Arbuscular mycorrhizal (AM) fungi are obligate biotrophs and they cannot complete their life cycle in the absence of a host plant root. AM fungus, Glomus microcarpum was successfully co-cultivated in transgenic hairy roots of J. batatas (variety SI010) initiated through the mediation of Agrobacterium rhizogenes ATCC15834. Murashige and Skoog (MS) medium composition was modified to support maximum hairy root growth and MS vitamins were replaced with B5 vitamins for better growth of hairy roots. Temperature, pH and light regimens were standardized for optimum hairy root growth and AM colonization. Eighty percent mycorrhizal colonization was observed after 20 days of co-cultivation in modified MS medium in petri dish. Various stages of mycorrhizal infection, pre-infection, penetration, vesicle/arbuscule formation were observed and viability of fungal structures was also studied.This technique can be used for the large scale production of monospecific culture of AM fungi.

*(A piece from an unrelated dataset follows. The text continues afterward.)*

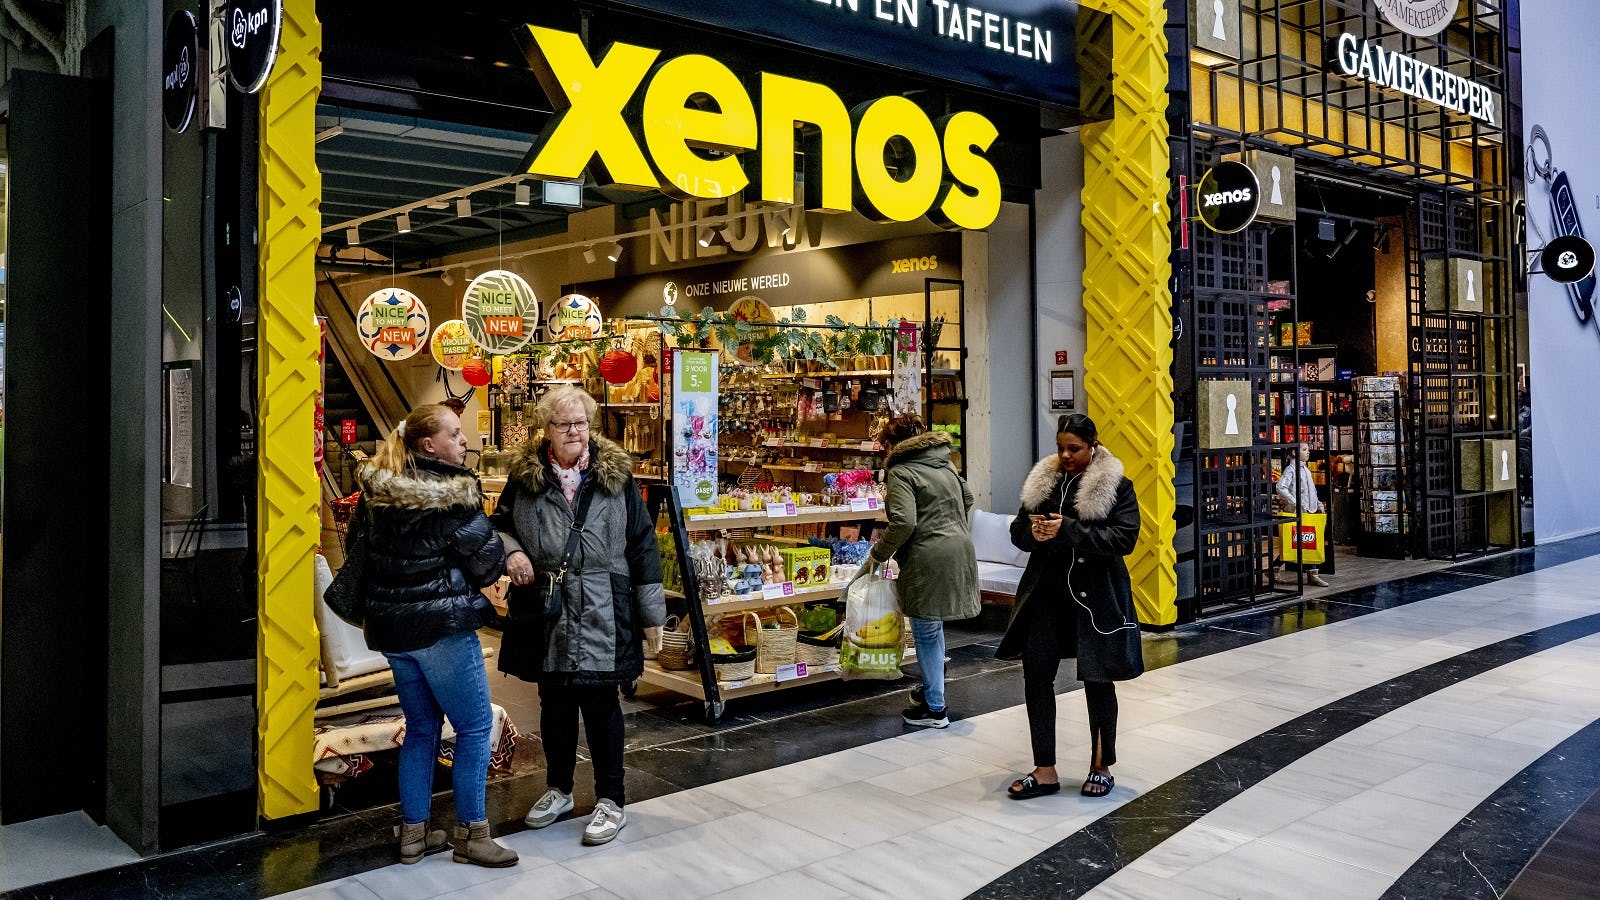 Winkelketen Xenos. Na de komst van een nieuwe ceo is de winkelketen opgefrist en opent Xenos winkel na winkel. Foto: ANP / Hollandse Hoogte / Robin Utrecht

机译:丛枝菌根(AM)真菌是专性生物营养菌,在没有寄主植物根的情况下它们无法完成其生命周期。通过发根土壤杆菌ATCC15834的介导,成功地在AM真菌真菌Glomus microcarpum中共培养了转基因J. batatas毛状根(品种SI010)。修改了Murashige和Skoog(MS)培养基的组成,以支持最大的毛根生长,并用B5维生素代替了MS维生素,以更好地促进毛根生长。对温度,pH和光照方案进行了标准化,以实现最佳的毛状根生长和AM定植。在培养皿中的改良MS培养基中共培养20天后,观察到80%的菌根定植。观察了菌根感染,感染前,渗透,囊泡/丛枝形成的各个阶段,并研究了真菌结构的活力。该技术可用于大规模生产AM真菌的单特异性培养。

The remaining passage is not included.